Extracted entries Block Start

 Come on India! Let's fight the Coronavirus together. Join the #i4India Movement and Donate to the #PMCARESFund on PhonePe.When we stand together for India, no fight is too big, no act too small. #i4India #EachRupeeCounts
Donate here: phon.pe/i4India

Extracted entries Block End
Extracted entries Block Start

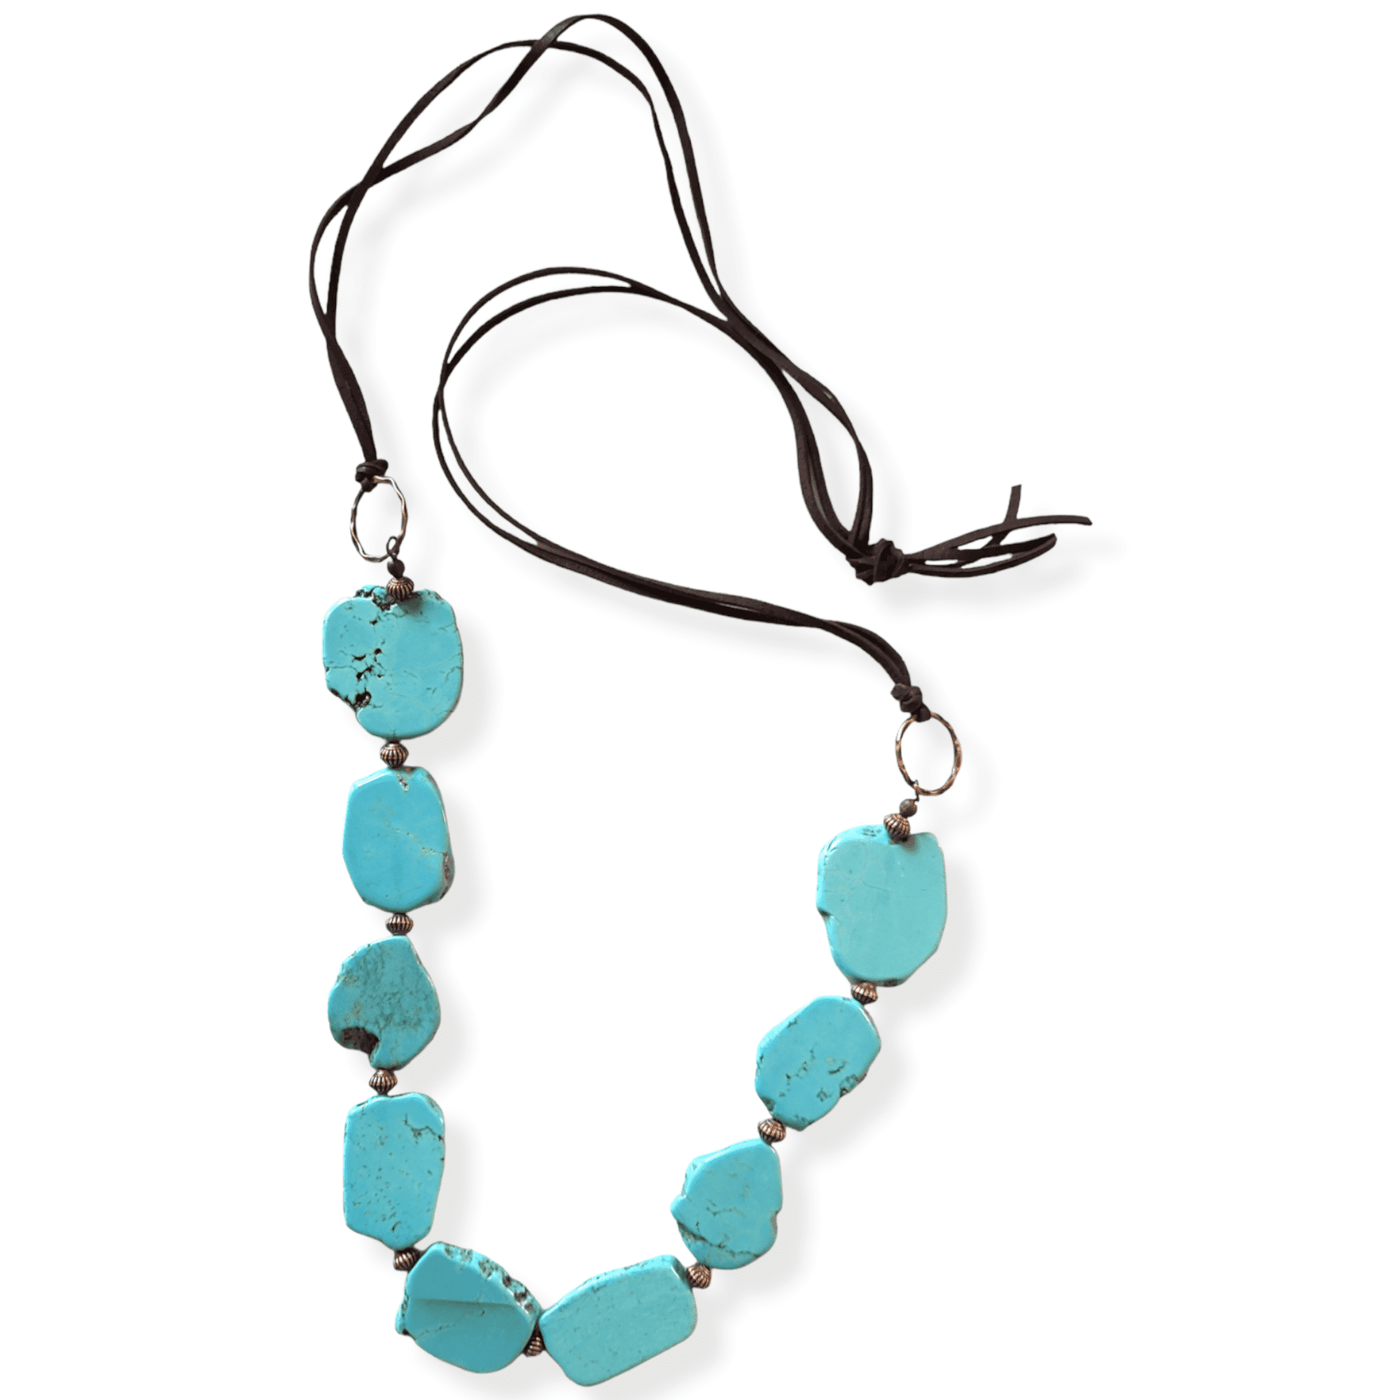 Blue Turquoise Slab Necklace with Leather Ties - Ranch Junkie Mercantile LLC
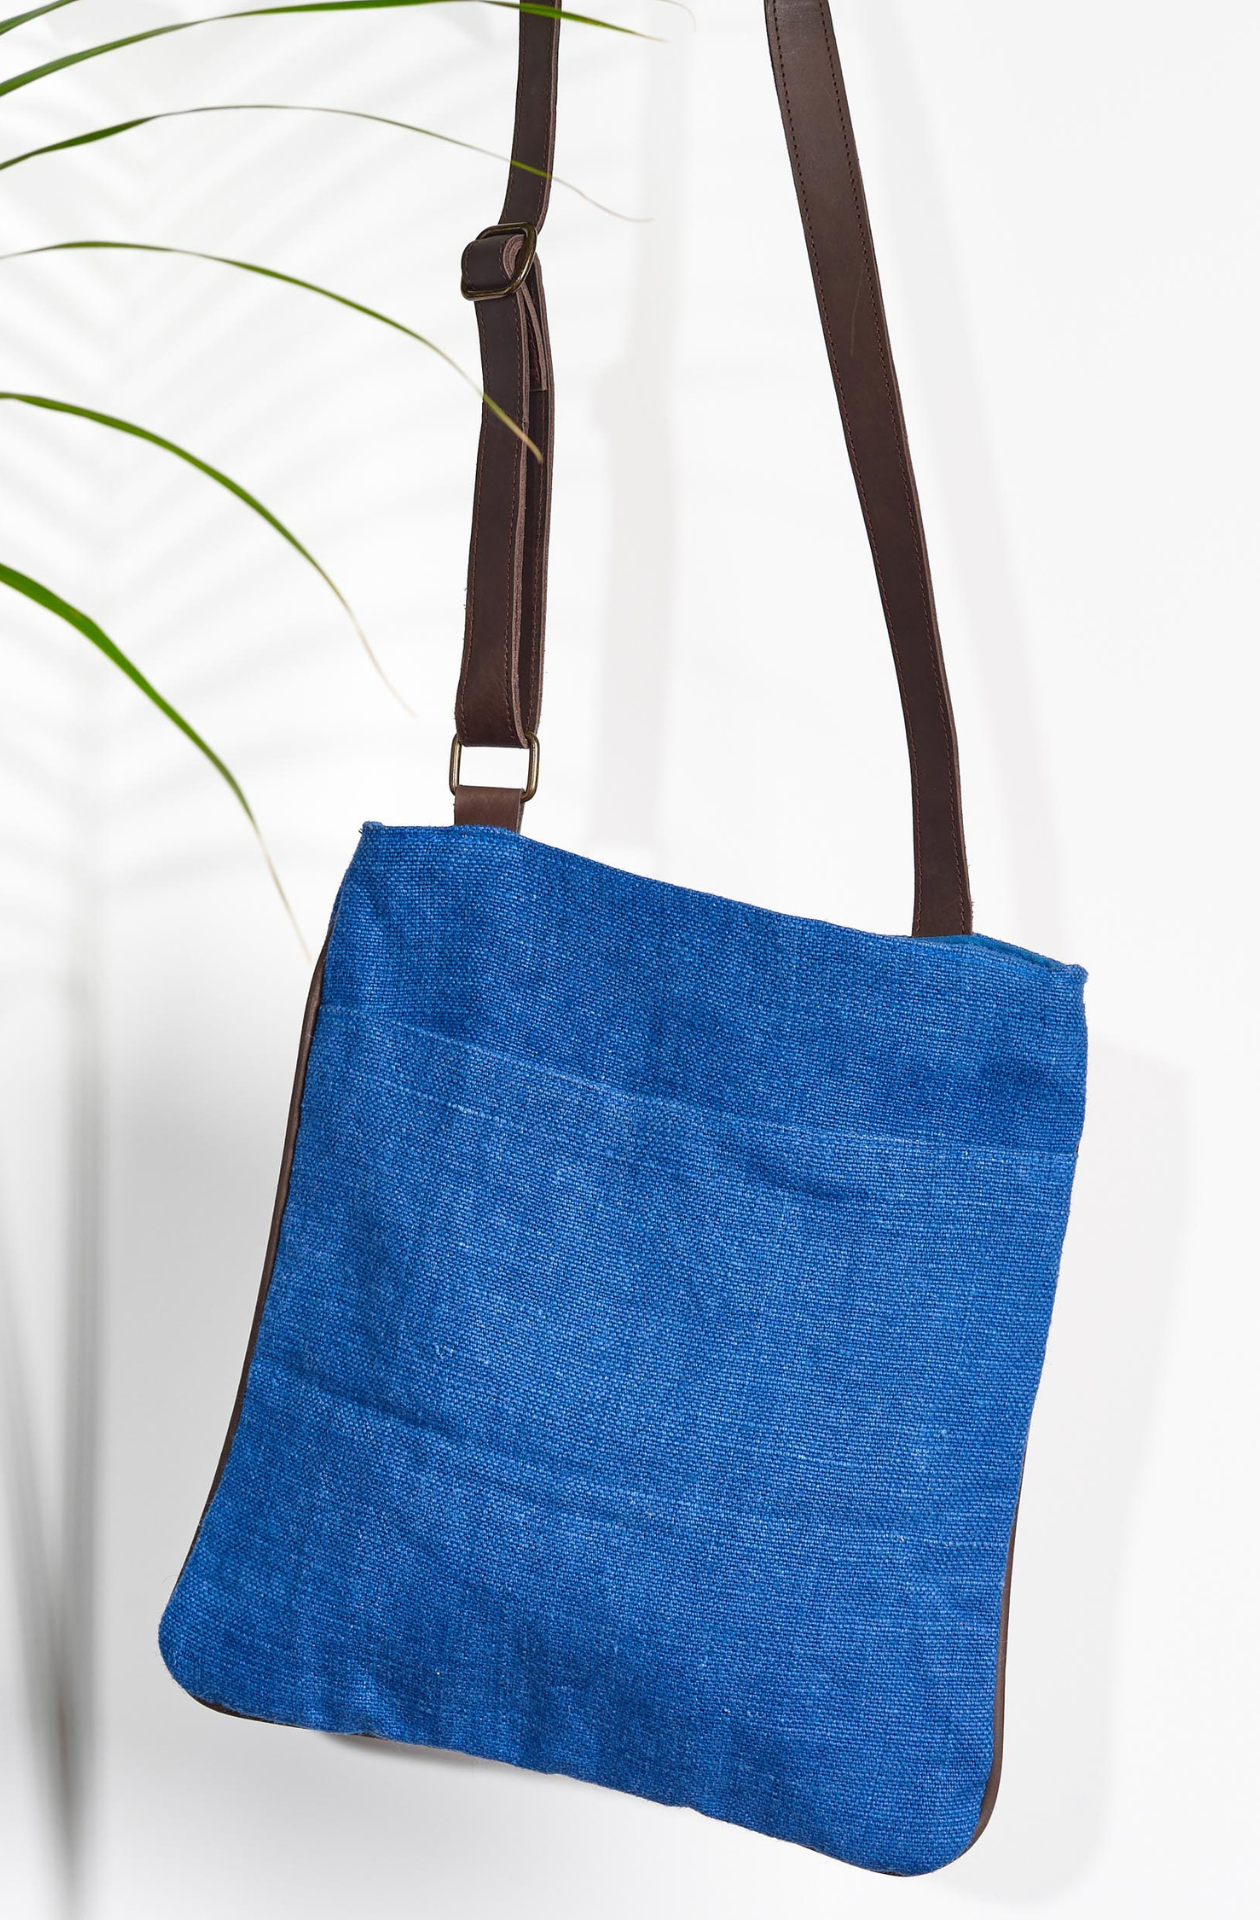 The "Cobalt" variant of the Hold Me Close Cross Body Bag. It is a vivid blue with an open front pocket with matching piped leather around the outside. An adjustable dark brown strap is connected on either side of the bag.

Extracted entries Block End
Extracted entries Block Start

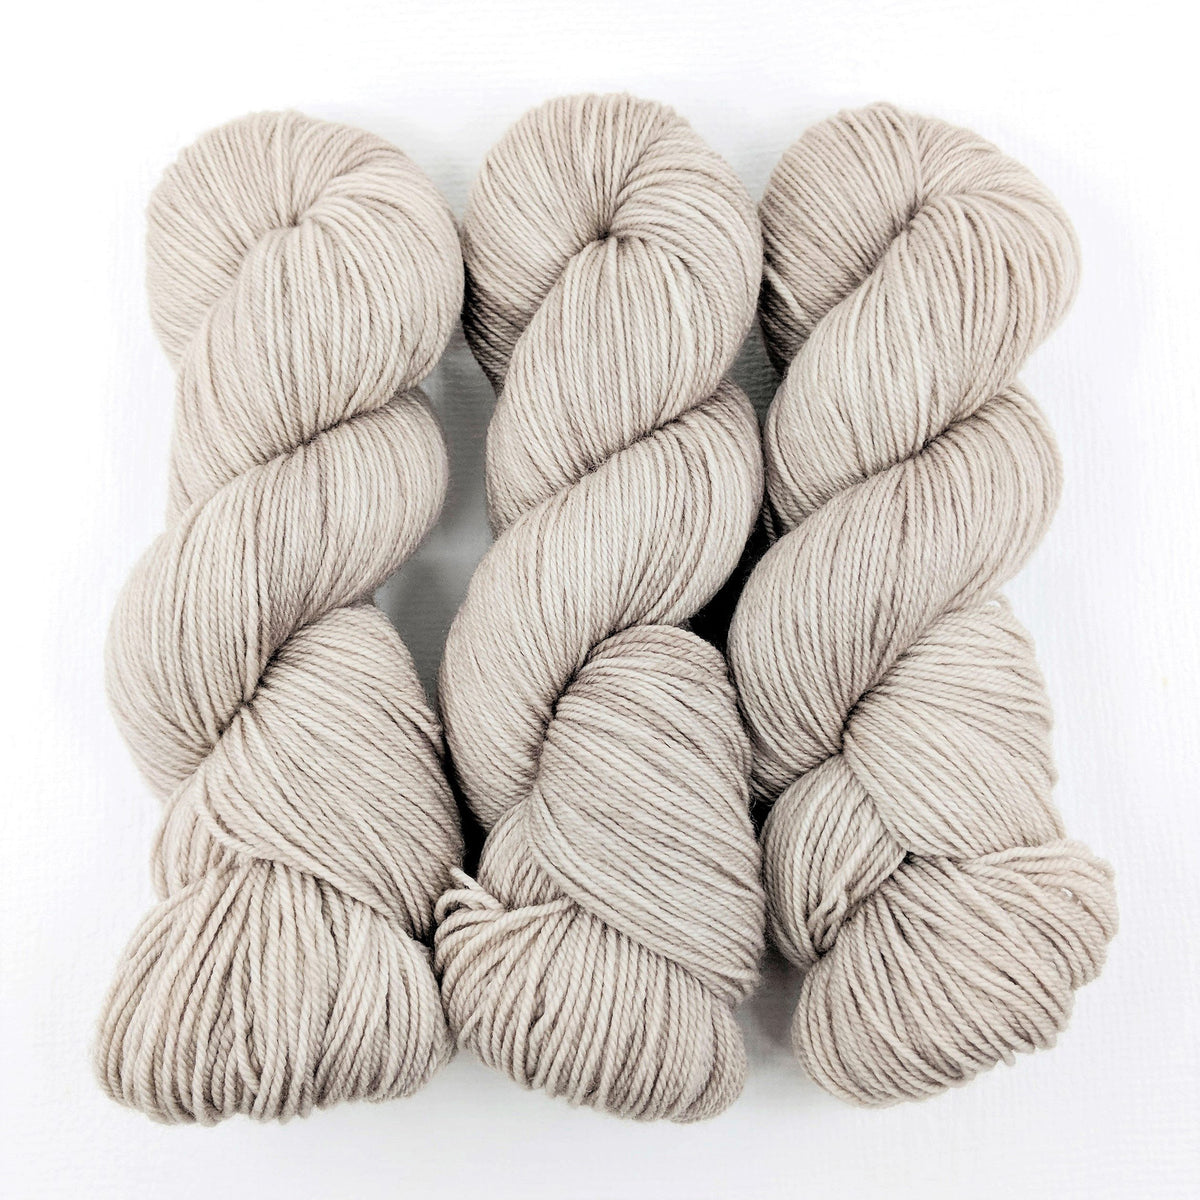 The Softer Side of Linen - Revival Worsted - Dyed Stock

Extracted entries Block End

> **Action item**
Your answer must consist solely of the lines above between the line holding "Come on India!" and the line holding "Donate here: phon.pe/i4India", inclusive, copied exactly.

> **Answer below**
 Come on India! Let's fight the Coronavirus together. Join the #i4India Movement and Donate to the #PMCARESFund on PhonePe.When we stand together for India, no fight is too big, no act too small. #i4India #EachRupeeCounts
Donate here: phon.pe/i4India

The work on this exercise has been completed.